Methamphetamine (METH) is a drug of abuse and neurotoxin that induces Parkinsons-like pathology after chronic usage by targeting dopaminergic neurons. Elucidation of the intracellular mechanisms that underlie METH-induced dopaminergic neuron toxicity may help in understanding the mechanism by which neurons die in Parkinsons disease. In the present study, we examined the role of reactive oxygen species (ROS) in the METH-induced death of human dopaminergic SK-N-SH cells and further assessed the neuroprotective effects of zinc and metallothionein (MT) against METH-induced toxicity in culture. METH significantly increased the production of reactive oxygen species, decreased intracellular ATP levels and reduced the cell viability. Pre-treatment with zinc markedly prevented the loss of cell viability caused by METH treatment. Zinc pre-treatment mainly increased the expression of metallothionein and prevented the generation of reactive oxygen species and ATP depletion caused by METH. Chelation of zinc by CaEDTA caused a significant decrease in MT expression and loss of protective effects of MT against METH toxicity. These results suggest that zinc-induced MT expression protects dopaminergic neurons via preventing the accumulation of toxic reactive oxygen species and halting the decrease in ATP levels. Furthermore, MT may prevent the loss of mitochondrial functions caused by neurotoxins. In conclusion, our study suggests that MT, a potent scavenger of free radicals is neuroprotective against dopaminergic toxicity in conditions such as drug of abuse and in Parkinsons disease.

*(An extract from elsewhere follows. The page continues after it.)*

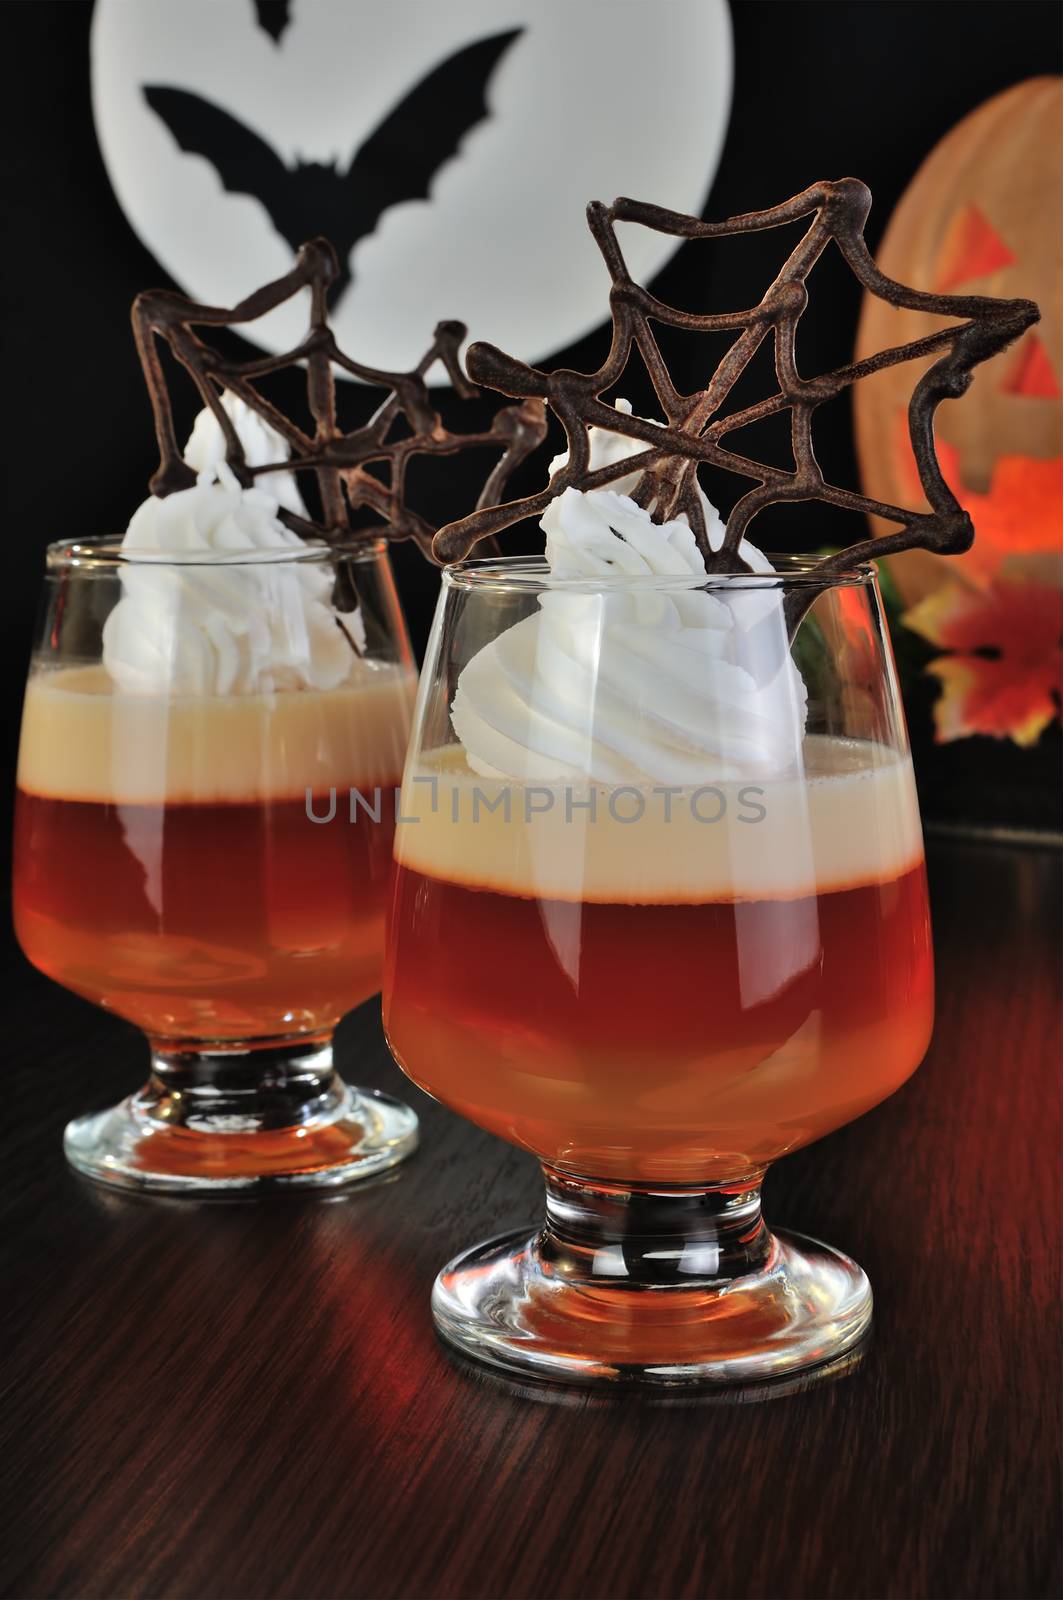 Halloween dessert in a glass by Apolonia
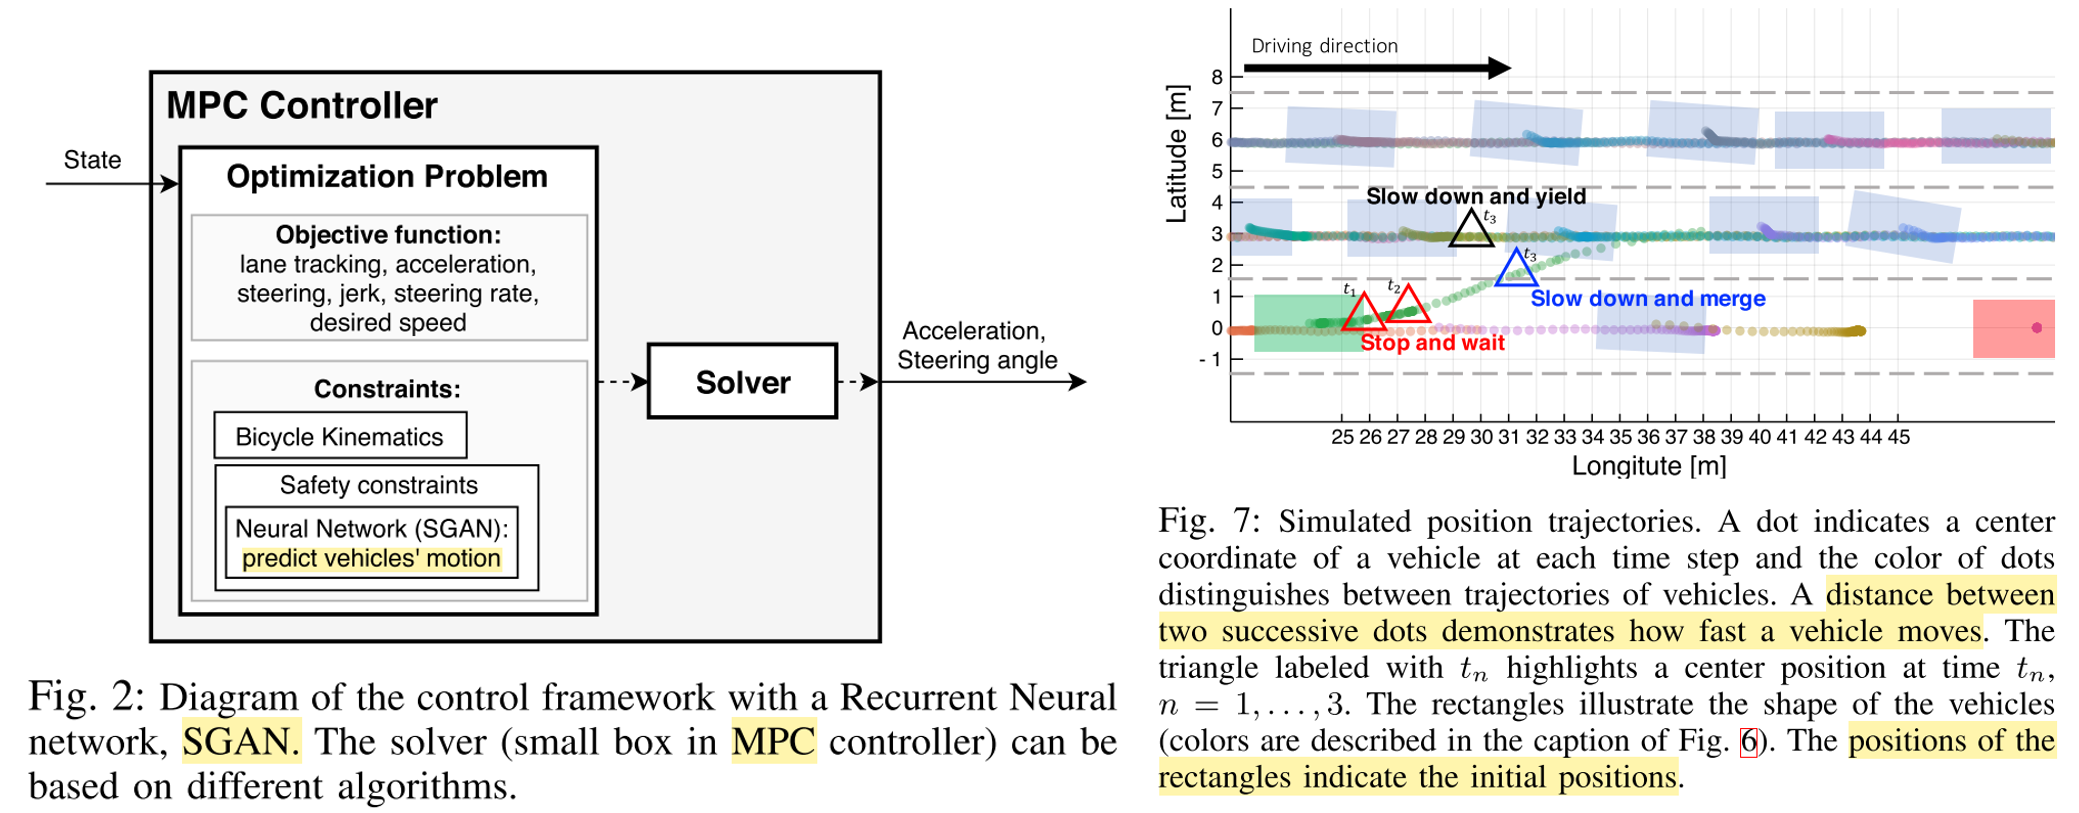 In another work, the authors try to incorporate an RNN as a prediction model into an MPC controller, leading to a reliable, interpretable, and tunable framework which also contains a data-driven model that captures interactive motions between drivers. Source.

Insulin-like growth factor-1 protects human dopaminergic SH-SY5Y cells from salsolinol-induced toxicity.

Parkinsons disease (PD) is characterized by an extensive loss of dopaminergic neurons in the substantia nigra pars compacta. Salsolinol (SAL), a dopamine-derived tetrahydroisoquinoline, has been suspected to be involved in the etiology of PD. In the present study, the neuroprotective effect of insulin-like growth factor-1 (IGF-1) was studied against SAL-induced toxicity in human dopaminergic SH-SY5Y cells. SAL (100 microM) decreased cell viability in SH-SY5Y cells significantly after 24 h exposure. Both exogenous IGF-1 and IGF-1 gene transfer significantly prevented the SAL-induced cell death and increased cell viability. Wortmannin, a specific phosphatidylinositol-3-kinase (PI-3 kinase) inhibitor, completely blunted the IGF-1-induced neuroprotection, suggesting that PI-3 kinase pathway is critical in mediating the neuroprotective effects of IGF-1. These results suggest that IGF-1 may be a useful growth factor in the treatment of PD.